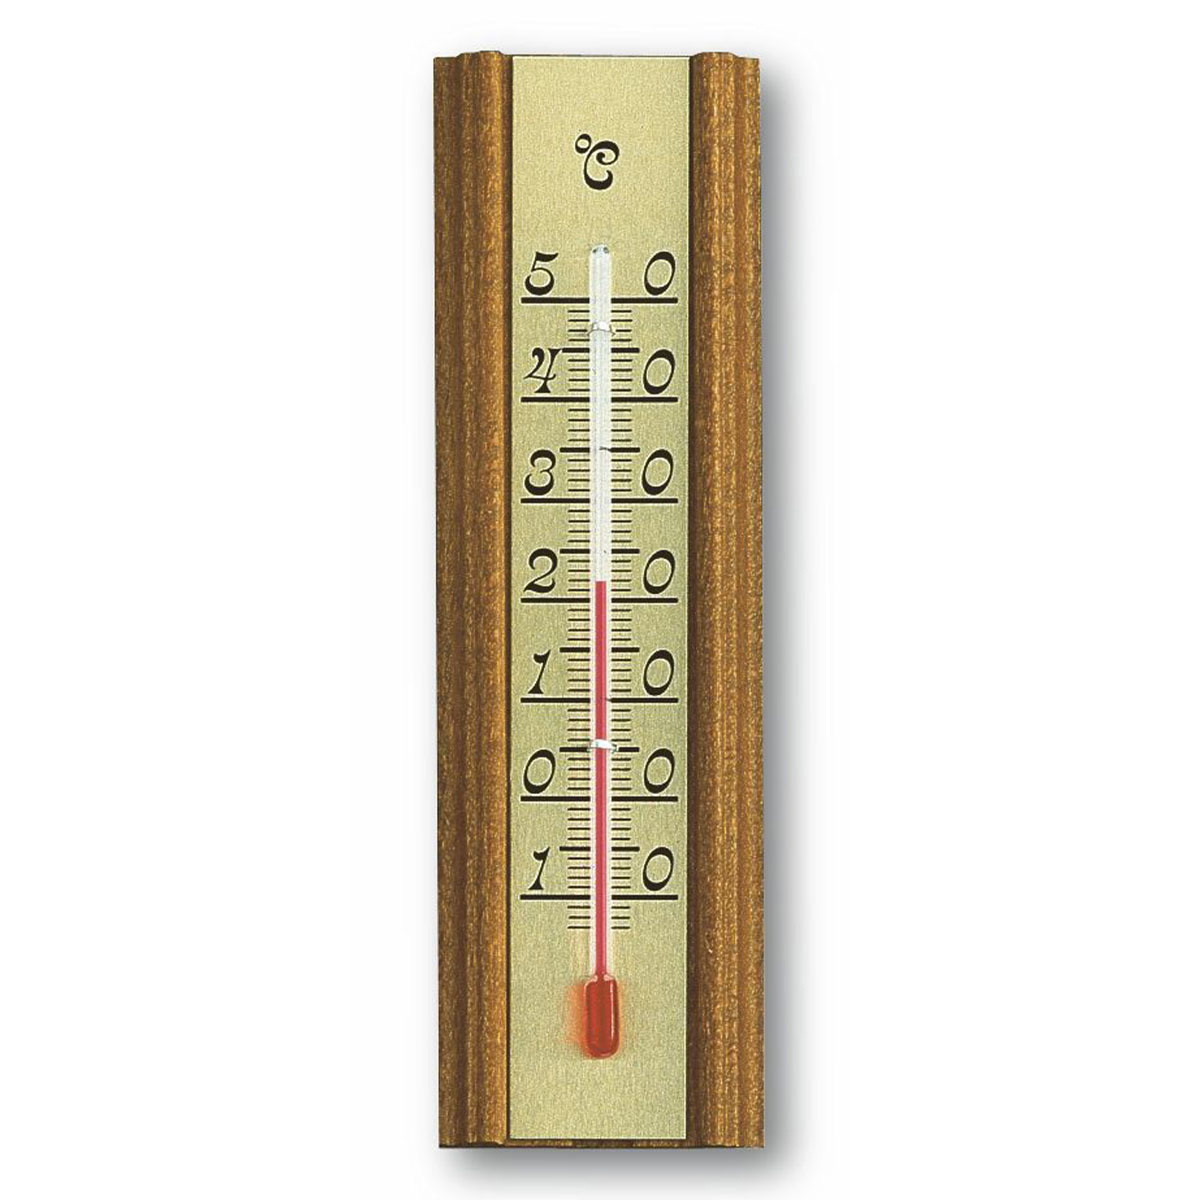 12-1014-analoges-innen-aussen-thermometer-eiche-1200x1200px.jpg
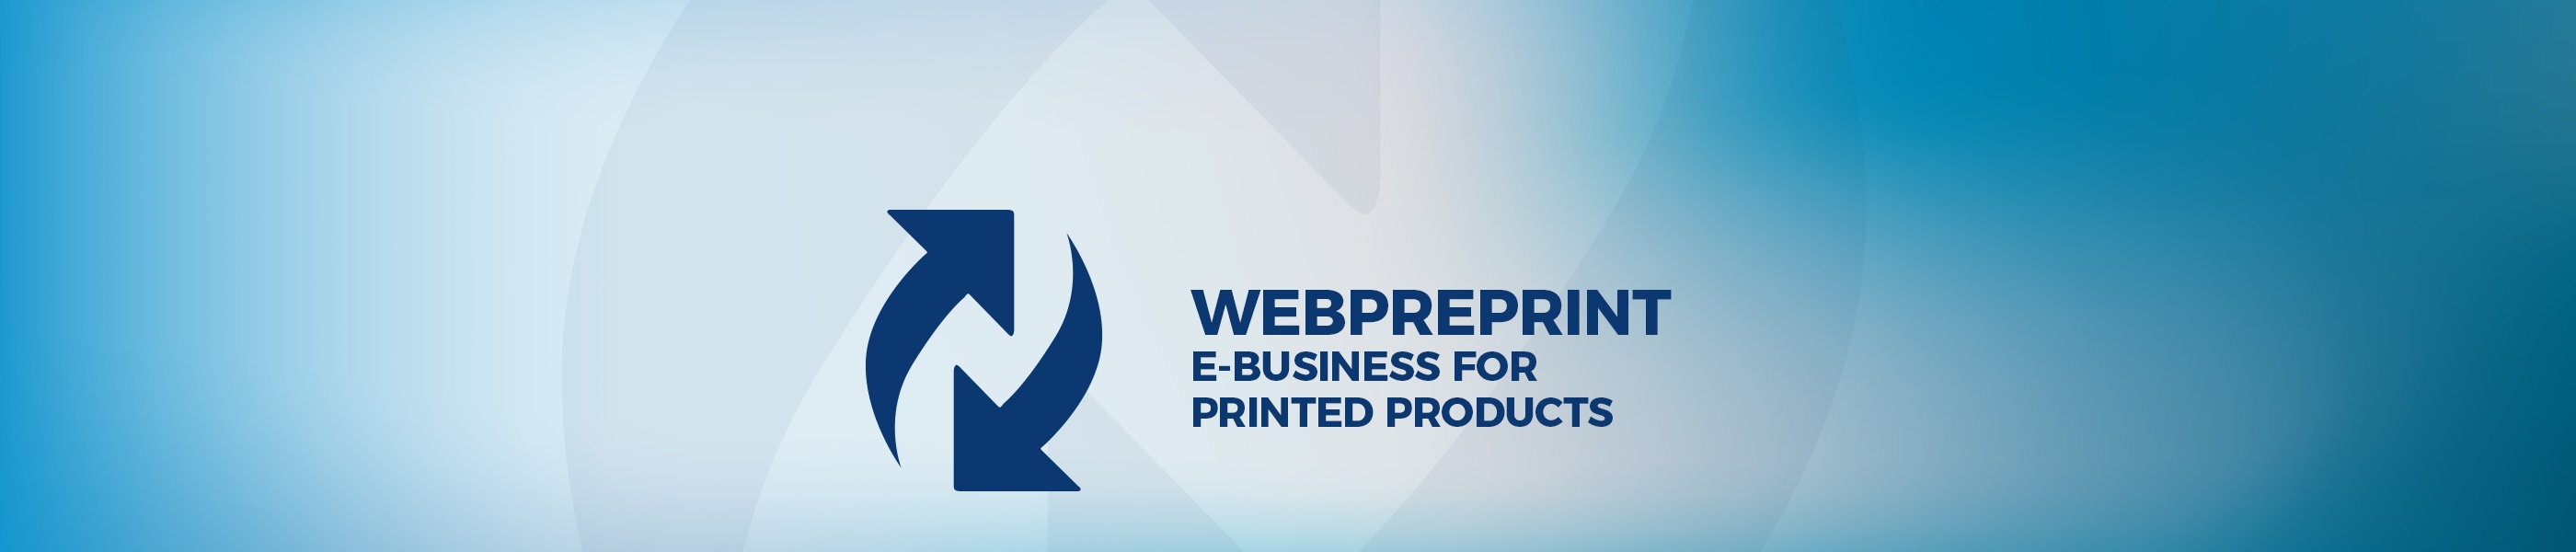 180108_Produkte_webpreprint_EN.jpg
==
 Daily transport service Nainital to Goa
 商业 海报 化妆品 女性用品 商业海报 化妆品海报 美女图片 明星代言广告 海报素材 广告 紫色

[What you will do]
Out of the records above, please copy exactly the lines from the line with "12-1014-analoges-innen-aussen-thermometer-eiche-1200x1200px.jpg" up to and including the line with "180108_Produkte_webpreprint_EN.jpg", minus the pictures.

[Task output]
 12-1014-analoges-innen-aussen-thermometer-eiche-1200x1200px.jpg
 180108_Produkte_webpreprint_EN.jpg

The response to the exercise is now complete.